Чандака негромко распорядился, и его дочери взяли из рук Афанасия медное блюдо с почетной медовой смесью, а вместо него принесли расписные чаши с вареным рисом, с морковью, с какими-то сладкими травами на ароматном масле. Гость насытился, отдохнул. Огонь очага угас, голубой лунный луч проник в хижину, травяные подстилки медово и пряно благоухали. Сам не зная как, Афанасий заговорил. Он рассказывал по-персидски, вставлял слова и целые обороты на арабском, татарском, узбекском, турецком, на всех знакомых ему восточных языках. Он вплетал в свой рассказ и слова на языках Индостана, а порой, не заметив того, переходил на русскую речь. Понимали его или нет, — он рассказывал и рассказывал. Ему казалось, что эти люди, даже не зная языка, слушают его сердцем, болеют его судьбой…

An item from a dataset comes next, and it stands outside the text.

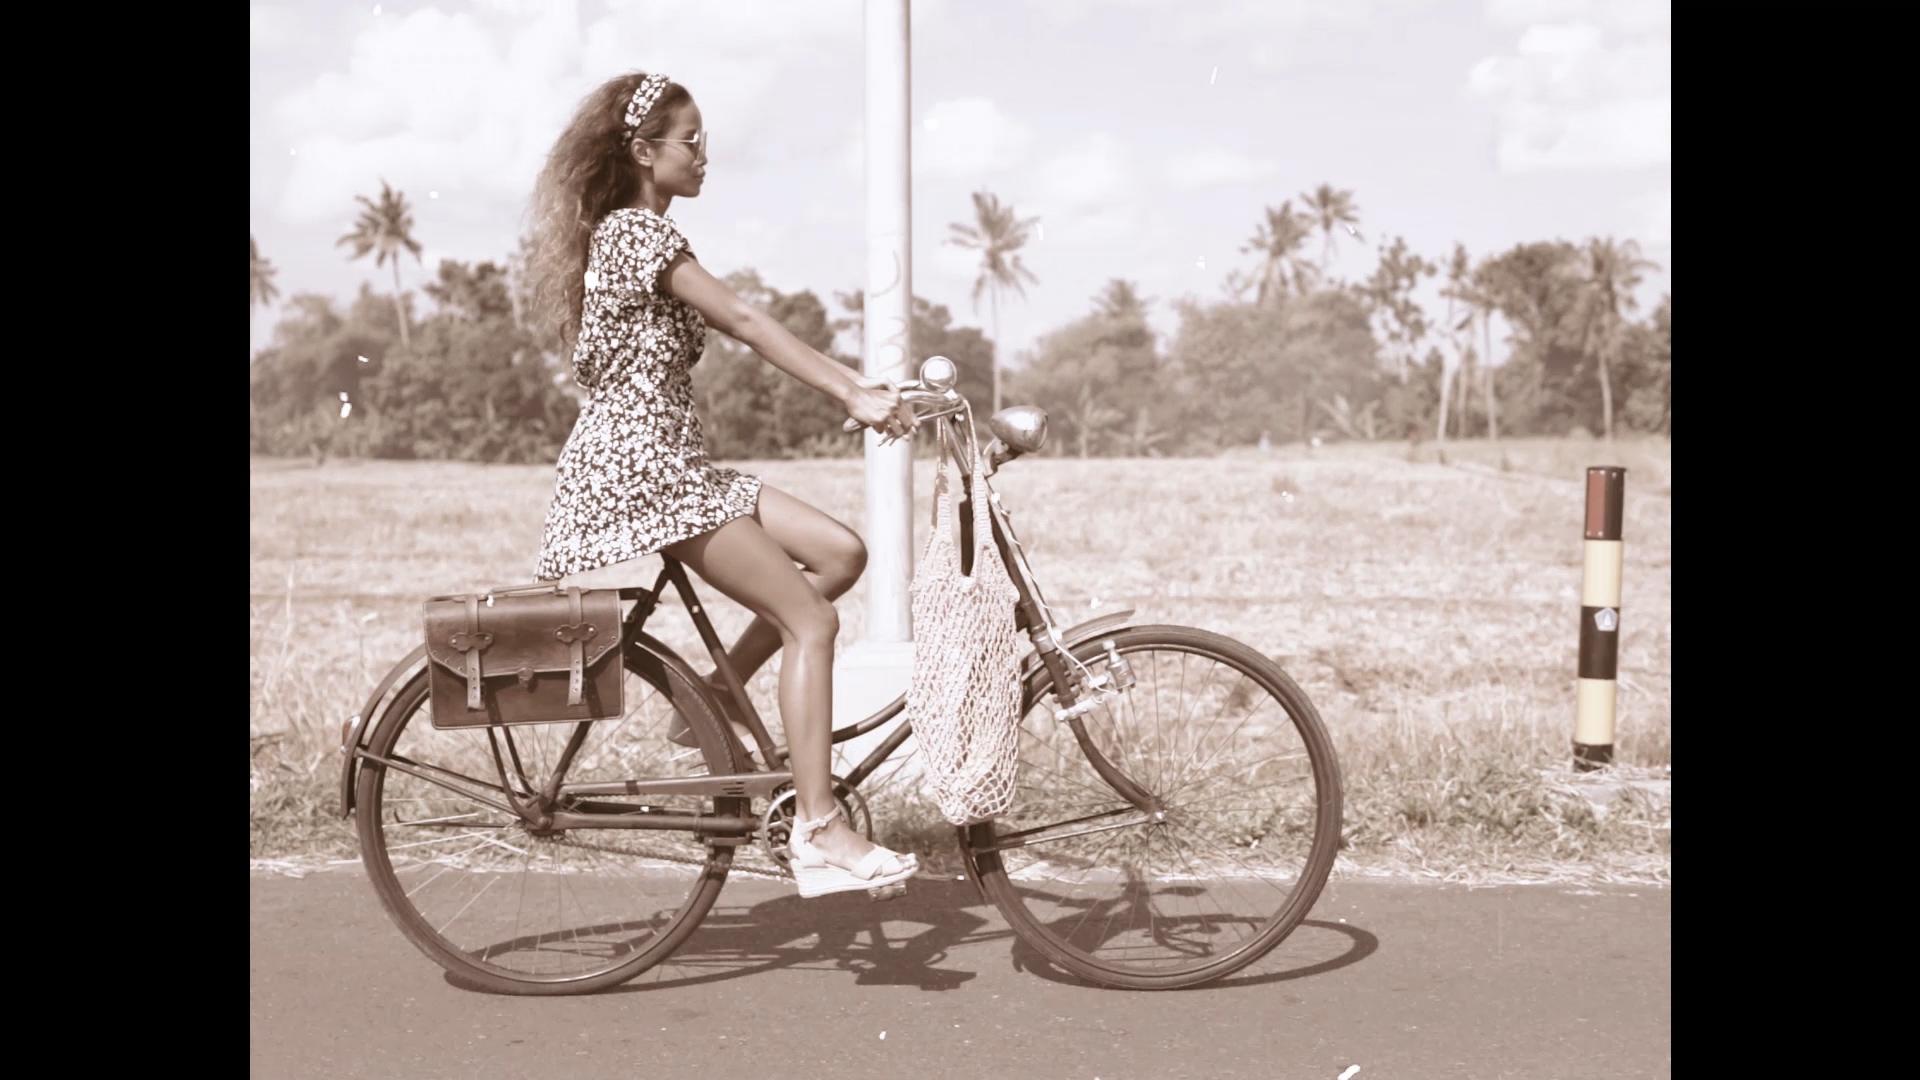 024-cyclingcommando-Putri-Cinta-teaser-stills-6.jpg

Вот повесть Афанасия — передаем ее так, как он хотел ее сообщить индийским друзьям: так, как она изложена в его заветной тетрадке.

Глава X

РАССКАЗ АФАНАСИЯ

«С самых малых лет устремился я душою на далекие хождения по краям незнаемым, неизведанным. Еще мальчишкою заслушивался, бывало, странников да паломников, что по святым местам хаживали; толкуют меж собою старые люди — и каких только чудес не наскажут! Кто говорит — есть-де земля, где люди живут с песьими головами; а кто — есть, мол, в дальней стороне птица-феникс, с девичьим лицом и с девичьим голосом — и только-де услышишь, как та птица поет, тут же все невзгоды свои позабудешь… И я, мальчишка, все слушаю притаившись и все слагаю в сердце своем; а сердце мое горит, как пожаром объято, горит ребячье кипучее сердце — и невмочь мне терпеть, до чего охота увидать воочию все чудеса земные…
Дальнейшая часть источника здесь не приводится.